What to do with gingival bone hyperplasia

What to do with gingival bone hyperplasia

Gingival hyperplasia is not actually gingival bone hyperplasia, but is caused by an increase in gingival tissue, which is generally caused by inflammatory and non-inflammatory factors. Because there are many factors causing gingival bone hyperplasia, treatment needs to be addressed according to the cause, and treatment must be carried out as soon as possible. If it turns into a chronic disease, it will increase the difficulty of treatment. So, what should we do if we have gingival bone hyperplasia?

Treatment for gingival hyperplasia varies depending on the specific cause.

1. Chronic gingivitis

(1) Remove plaque, stones and other pathogenic factors that promote plaque accumulation.

(2) Instruct patients to control plaque themselves.

(3) Inquire whether the patient has systemic risk factors that promote disease progression, such as smoking, systemic diseases and conditions (immunosuppression), stress, nutrition, pregnancy, drug abuse, HIV infection, and medication use, and consider taking proactive targeted measures.

(4) If gingival hyperplasia is still obvious after basic periodontal treatment, surgical resection may be considered.

2. Adolescent gingivitis

Oral hygiene instruction for adolescence. Treatment includes removing local irritants, performing supragingival cleaning, and scraping if necessary. If necessary, local medication can be used as an auxiliary treatment, such as gargling, gingival pocket irrigation and local medication. To remove factors that retain plaque, gingivectomy may be performed if necessary for patients with long-term gingival hypertrophy and unfavorable plaque control.

3. Pregnancy gingivitis

Consider delaying periodontal treatment during the first or last three months of pregnancy to avoid miscarriage or premature birth. During the 4th to 6th month of pregnancy, local irritants such as plaque and tartar should be removed, but the operation must be gentle to minimize bleeding and pain. Emergency periodontal treatment can be performed at any time during pregnancy. Use antibiotics and other medicines with caution. Emphasize self-plaque control and regular periodontal maintenance. For hyperplastic gingiva, surgical removal should be postponed until after delivery. If the gingival aneurysm during pregnancy is large and requires surgical removal, it can be considered to be performed within 4 to 6 months of pregnancy.

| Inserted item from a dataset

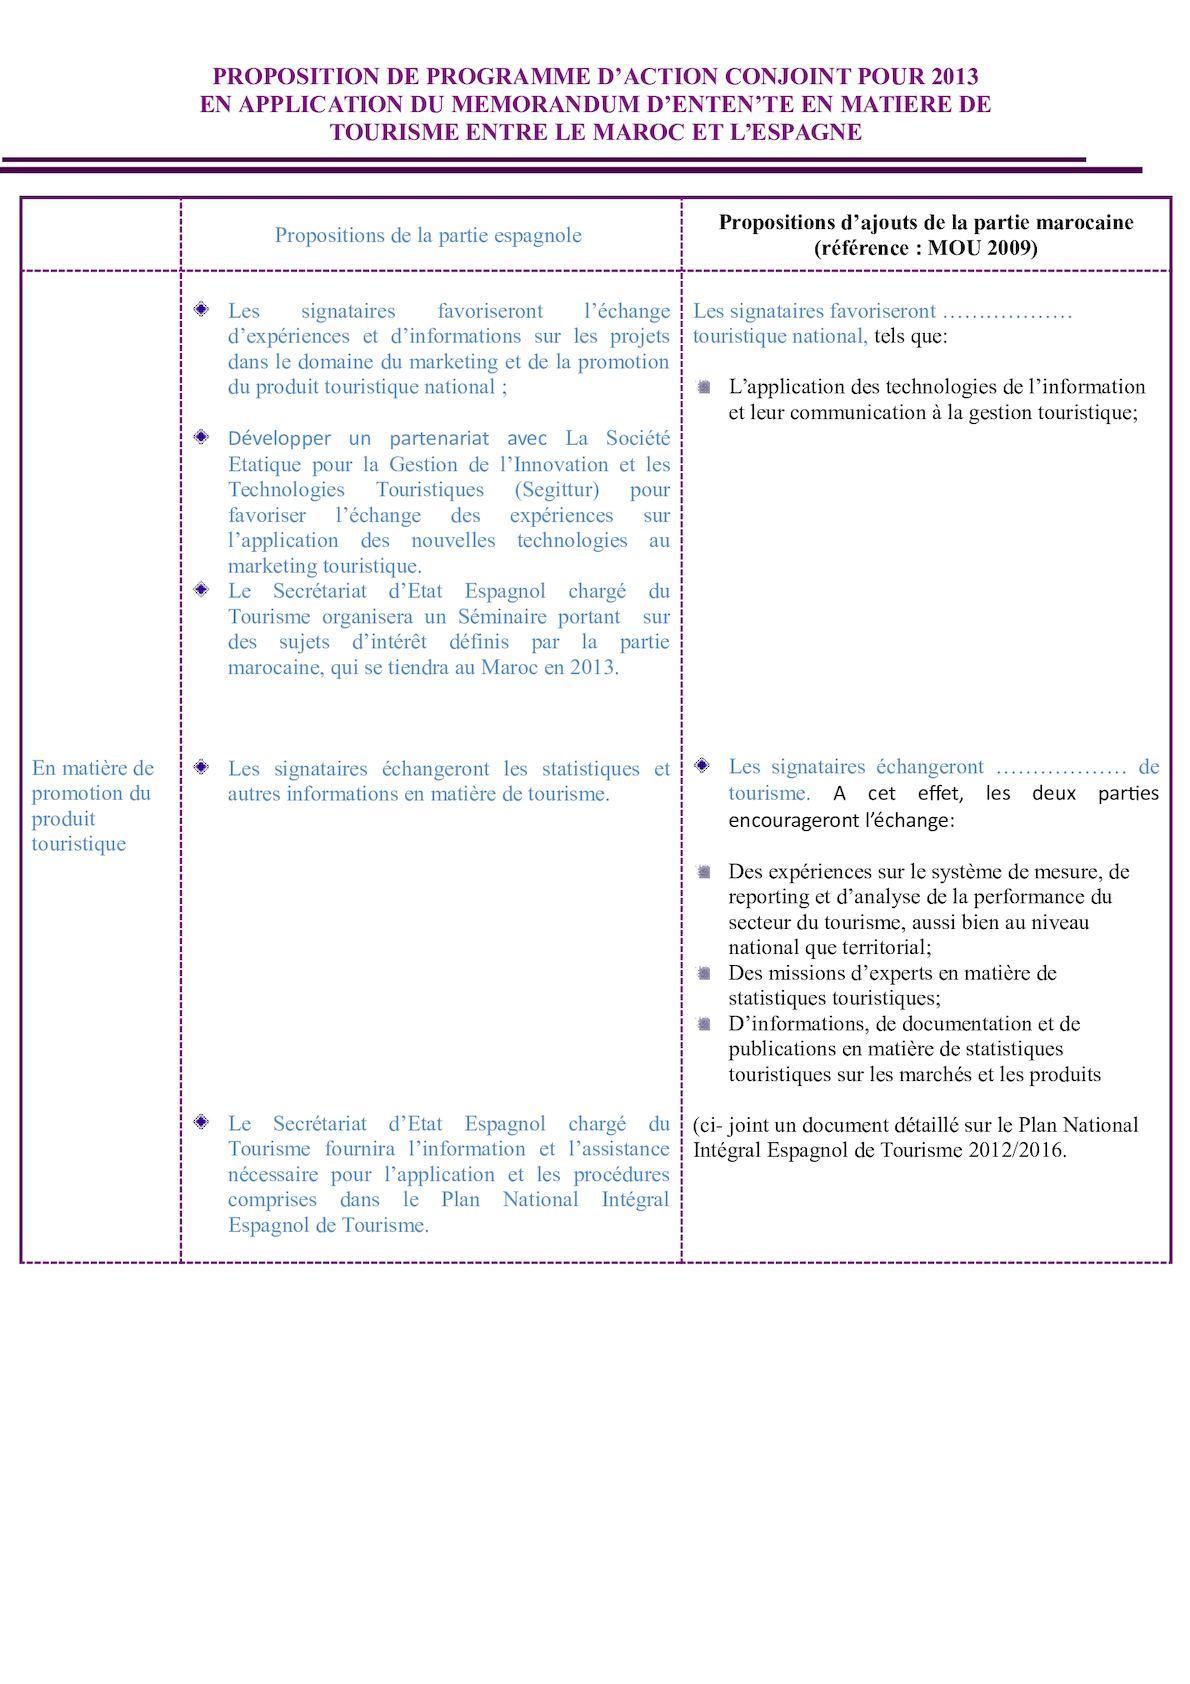 Plan D'action Maroc Espagne 2013 (2) (2).

4. Drug-induced gingival hyperplasia

Replace the medication that causes gingival hyperplasia without affecting the control of systemic diseases. Remove local irritants such as plaque and tartar, eliminate factors that cause plaque retention, and guide patients on plaque control. After treatment, gingival hyperplasia in most patients can be significantly improved or even disappear. For patients with obvious gingivitis, auxiliary drug treatment can be used, such as flushing the gingival pockets with 3% hydrogen peroxide solution and inserting antibacterial and anti-inflammatory drugs into the pockets. For those whose gingival hyperplasia cannot be completely eliminated by the above treatments, surgical treatment of gingival resection and shaping or flap combined with gingival resection can be performed. Get clear doctor's instructions to avoid recurrence after surgery.

5. Gingival fibromatosis

Remove local irritants such as plaque and tartar, eliminate factors that cause plaque retention, and guide patients on plaque control. Surgical treatment mainly includes gingivoplasty, and flap combined with gingivectomy can also be used.

6. Gingival tumor

Remove the irritating factor and perform surgical resection. Surgical resection should be thorough, and an incision should be made on the normal tissue around the base of the tumor. The tumor, along with the periosteum, part of the alveolar bone at the base, and periodontal ligament tissue in the corresponding area should be removed to prevent recurrence. Place periodontal protective agent on the wound surface. If the teeth around the gingival tumor have become loose, they should be extracted at the same time, and the affected periodontal membrane and adjacent bone tissue should be removed at the same time. After recurrence, the above method is generally used for excision. If the disease recurs multiple times, the teeth affected by the disease should be extracted at the same time.